Gas City LLC has requested a rezoning of 31-acres near the Interstate 81/ Route 11 interchange at Mauzy. At the July meeting, the planning commission tabled the request to allow county staff and the applicant an opportunity to address the concerns raised by neighbors about the commercial rezoning. The Alliance submitted these concerns.
Please contact each commissioner before the next meeting on Tuesday, August 2 at 6:30pm and state your opposition to this request.
Planning commissioners could decide to recommend approval or denial for the rezoning request at their August 2 meeting. There is no opportunity for official public comment at the meeting because the public hearing was held in July. Sending a letter before August 2 is the only way to let the planning commissioners know you oppose the project.
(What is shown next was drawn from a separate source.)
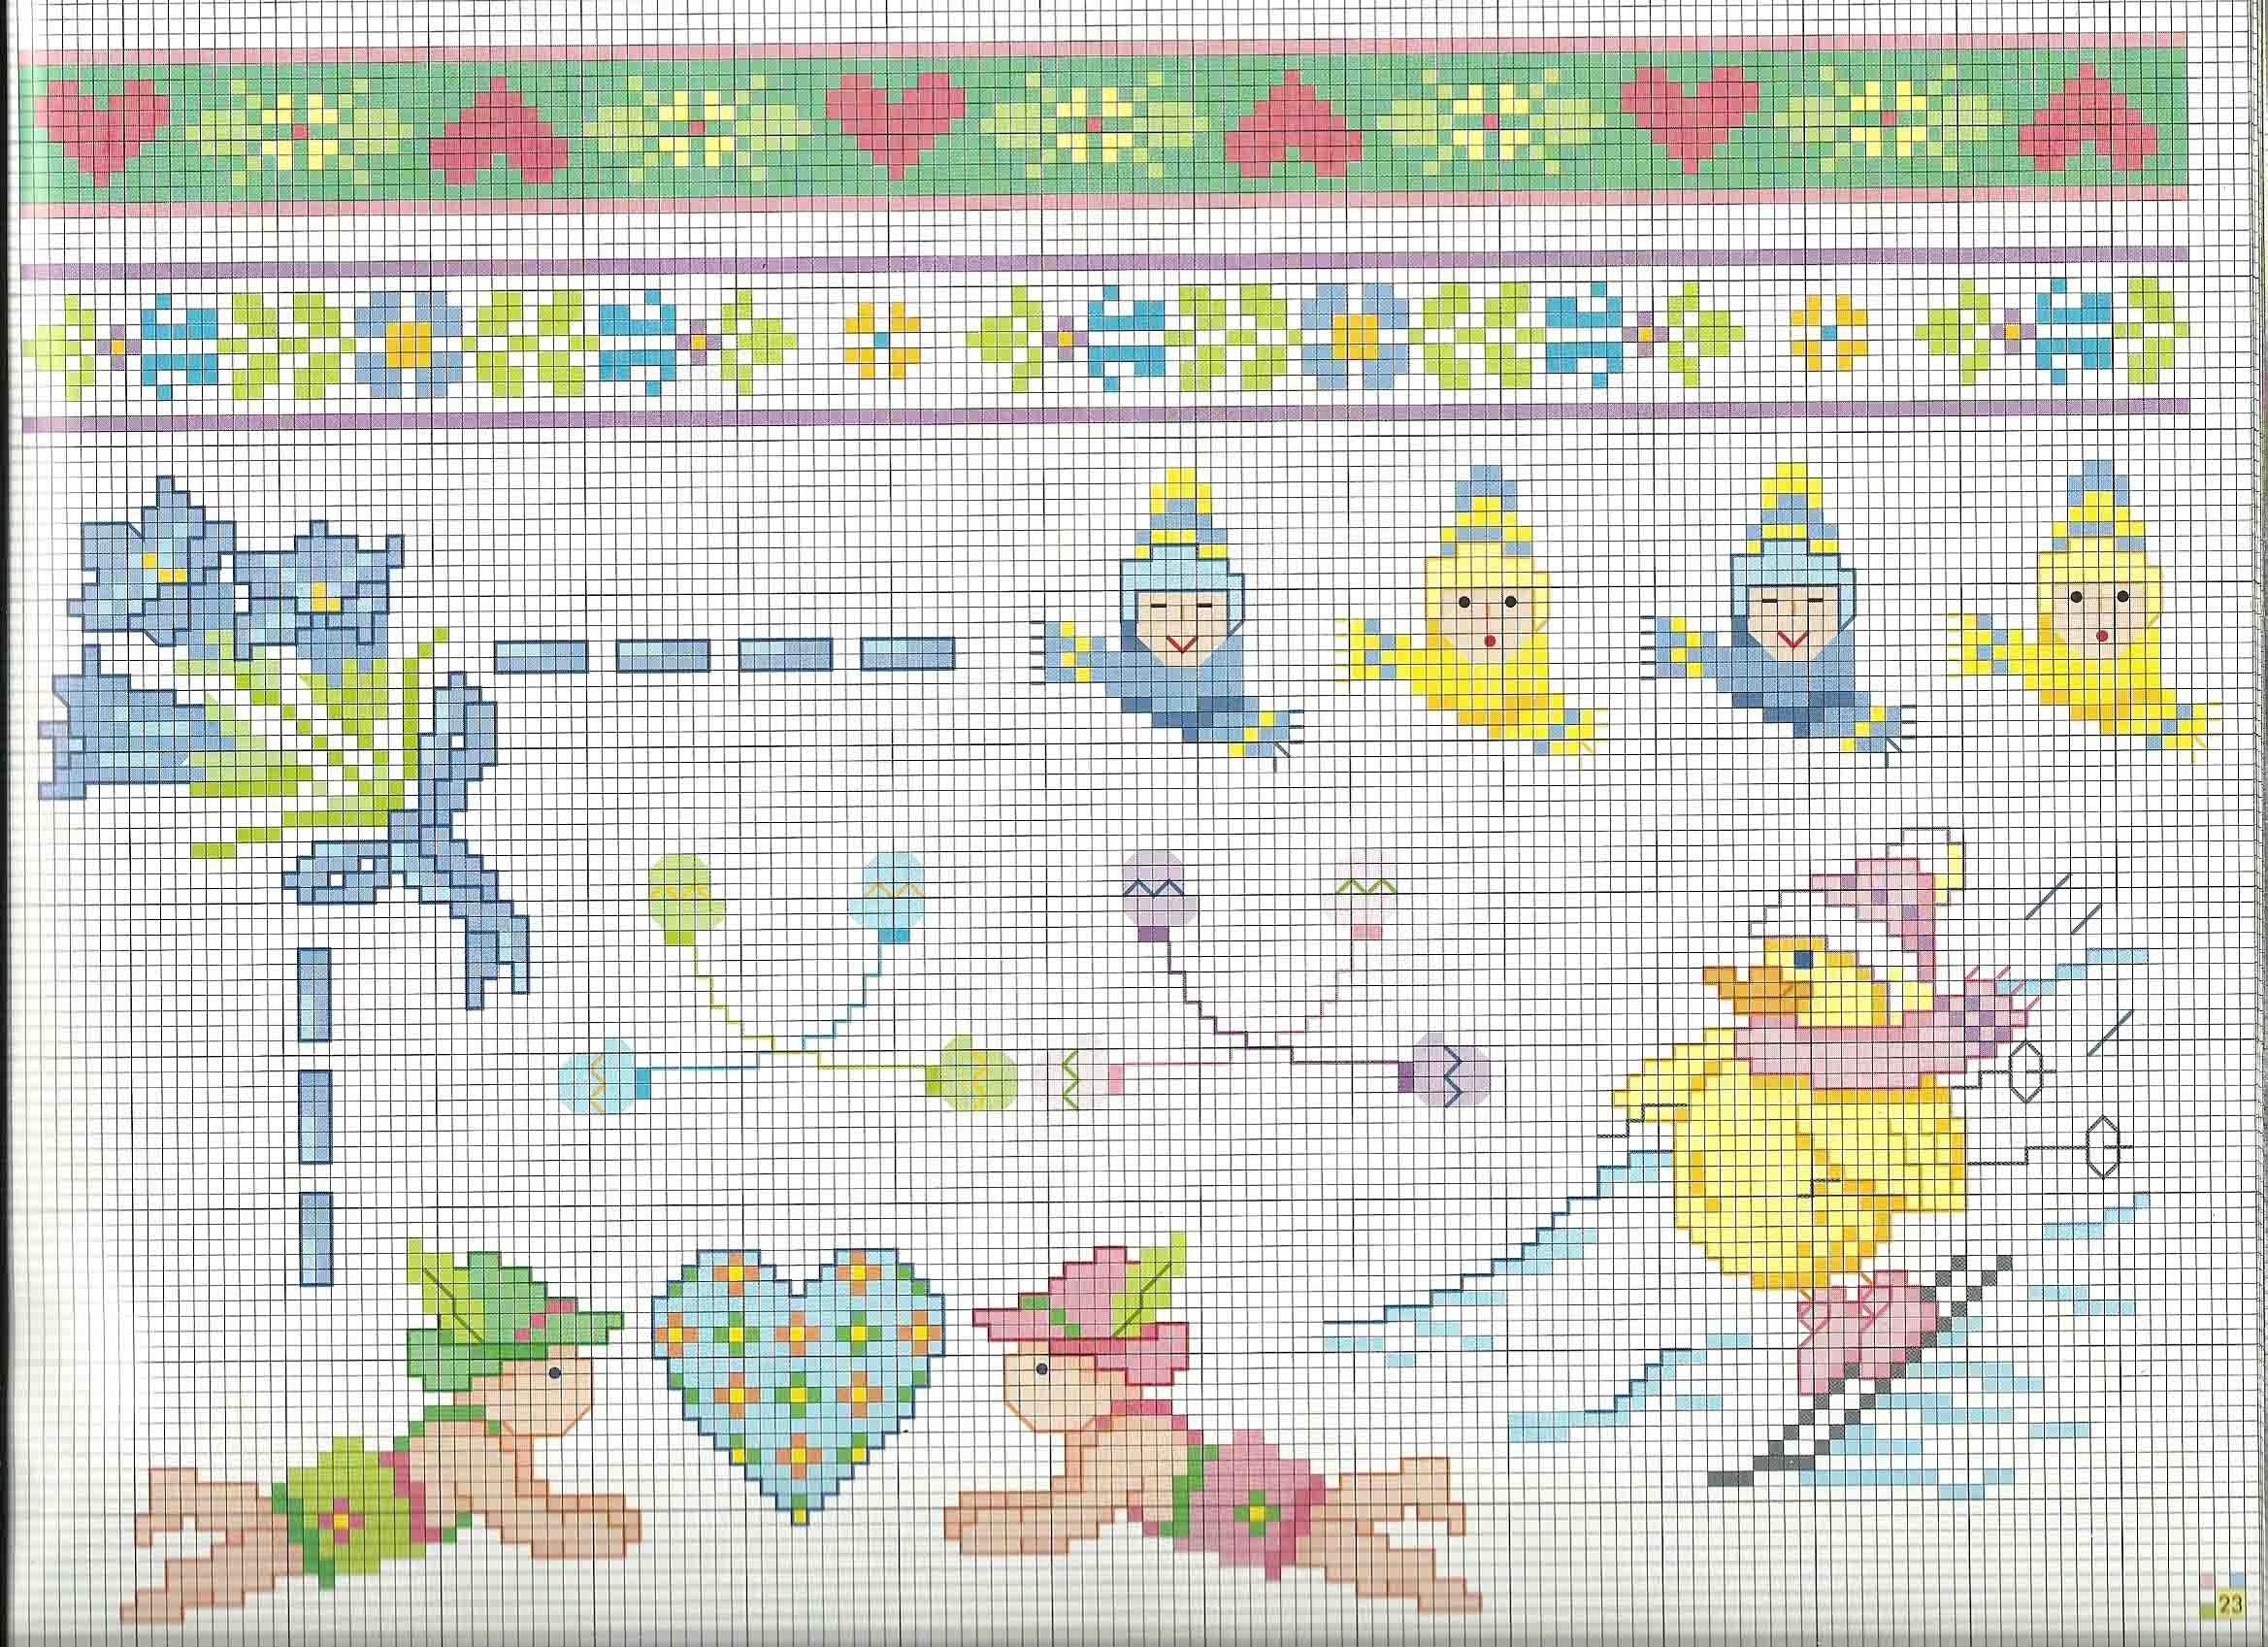 Schemi punto croce copertine lenzuolini beb sulla neve for Lenzuolini punto croce schemi

Once planning commissioners make a decision on the rezoning, the request will go in front of the board of supervisors for consideration and another opportunity for public comment.
Why should Rockingham County deny this request?
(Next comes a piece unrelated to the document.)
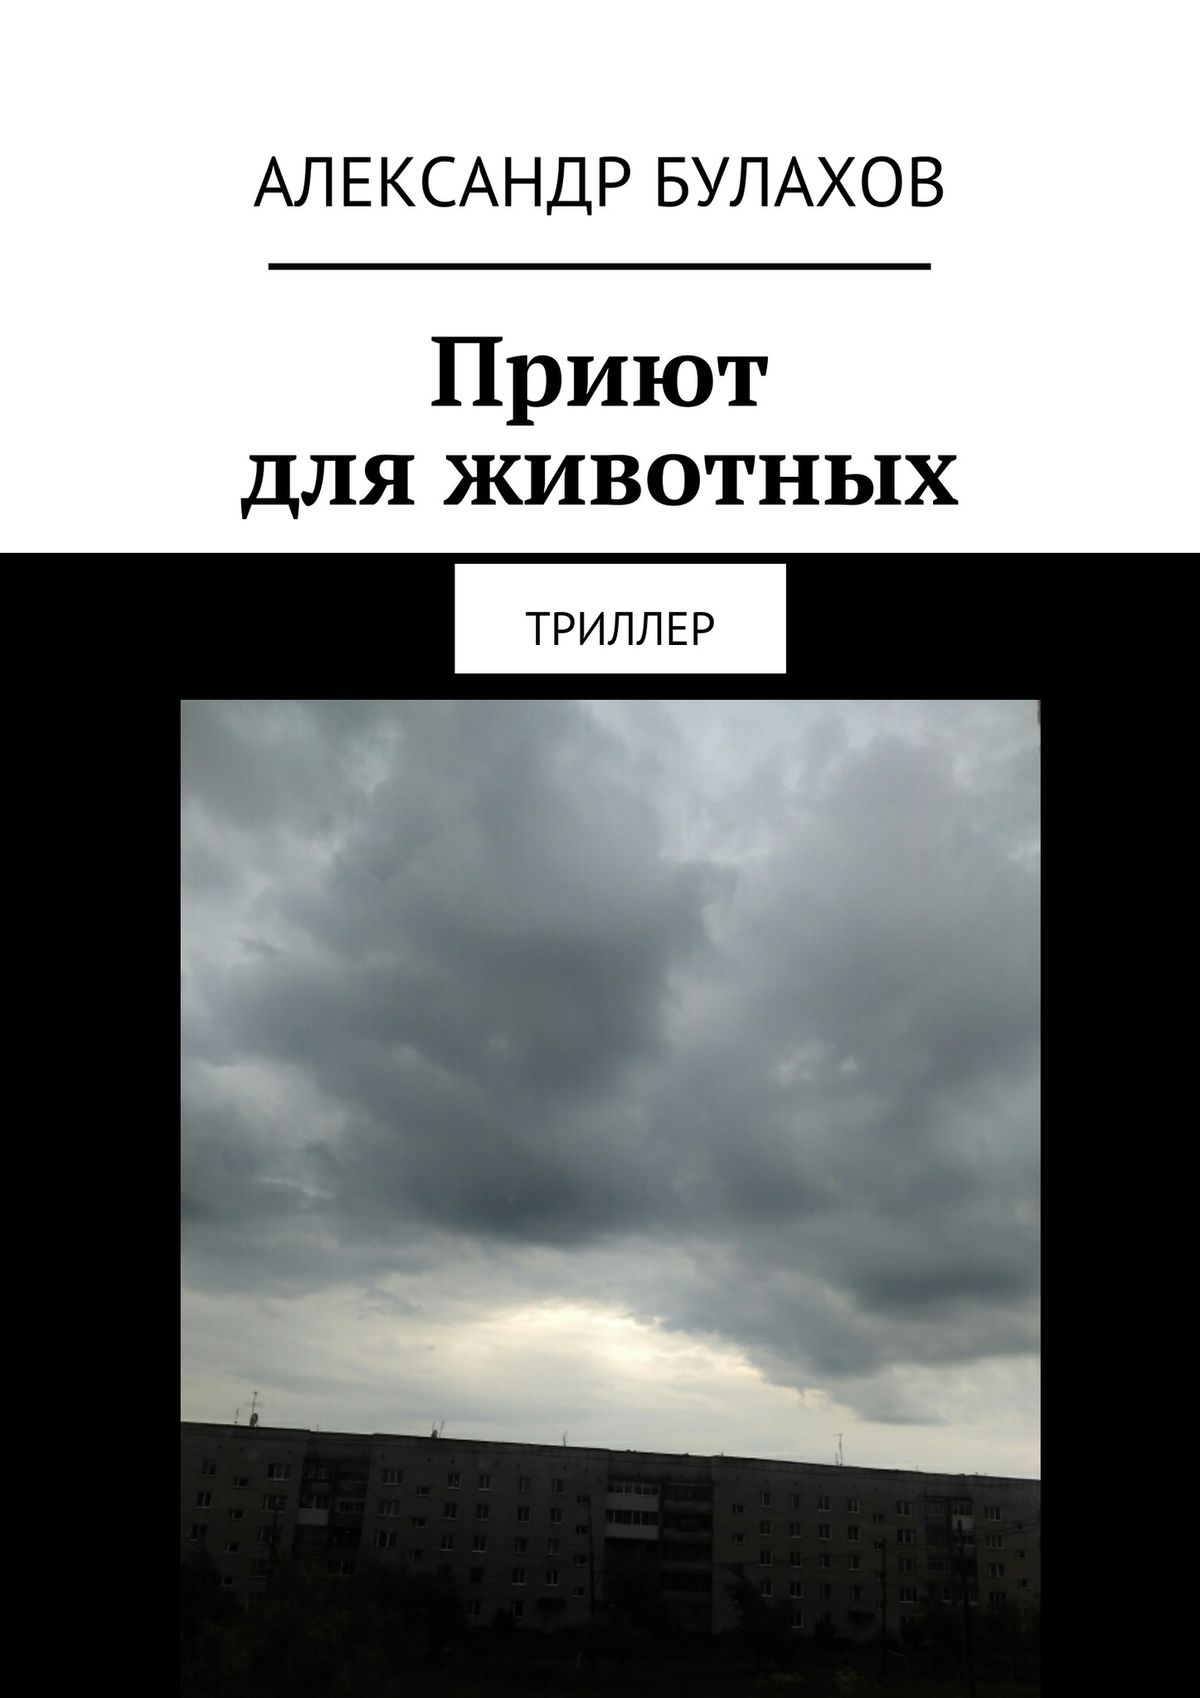 Александр Булахов Приют дляживотных. Триллер александр булахов приют дляживотных триллер

It is not consistent with Rockingham County’s comprehensive plan
- This property is located within the county’s Agricultural Reserve and reducing amount of land in Agriculture Reserve is inconsistent with the comprehensive plan.
- Rezoning a property outside an urban development area to a more intensive commercial use doesn’t align with the county’s comprehensive plan.
- Tourism and agriculture are leading economic sectors in Rockingham County. A large-scale, high intensity commercial operation doesn’t align with the type of service (small scale, local, with individual character) the comprehensive plan envisioned as compatible with a robust local tourism economy.
It will degrade water quality
- The property is near Smith Creek, a major tributary of the North Fork of the Shenandoah River and important source of water for our communities. For more than a decade, farmers and conservationists have worked together and invested significant resources to implement agricultural practices to restore clean water to this sensitive “showcase watershed.”
- Since there is no public sewer in this rural location, the developers are proposing a “package plant” to handle wastewater. These systems are prone to mismanagement and failure.
- Commercial development with expansive paved areas would cause a large volume of storm water runoff, carrying pollution into the nearby Smith Creek and possibly opening up new sinkholes in this heavily karst area.
Impact to rural character and neighbors
- There will be a potential increase in traffic congestion. Mixing a high intensity, heavily traveled commercial business with local traffic along Route 11, one of the major corridors for local travel, is certain to impact traffic, especially when incidents occur along the interstate.
- Light pollution, air pollution and 24- hour noise will change what is now a rural, open area of the county to an industrial use, paving the way for more intensive uses in the future.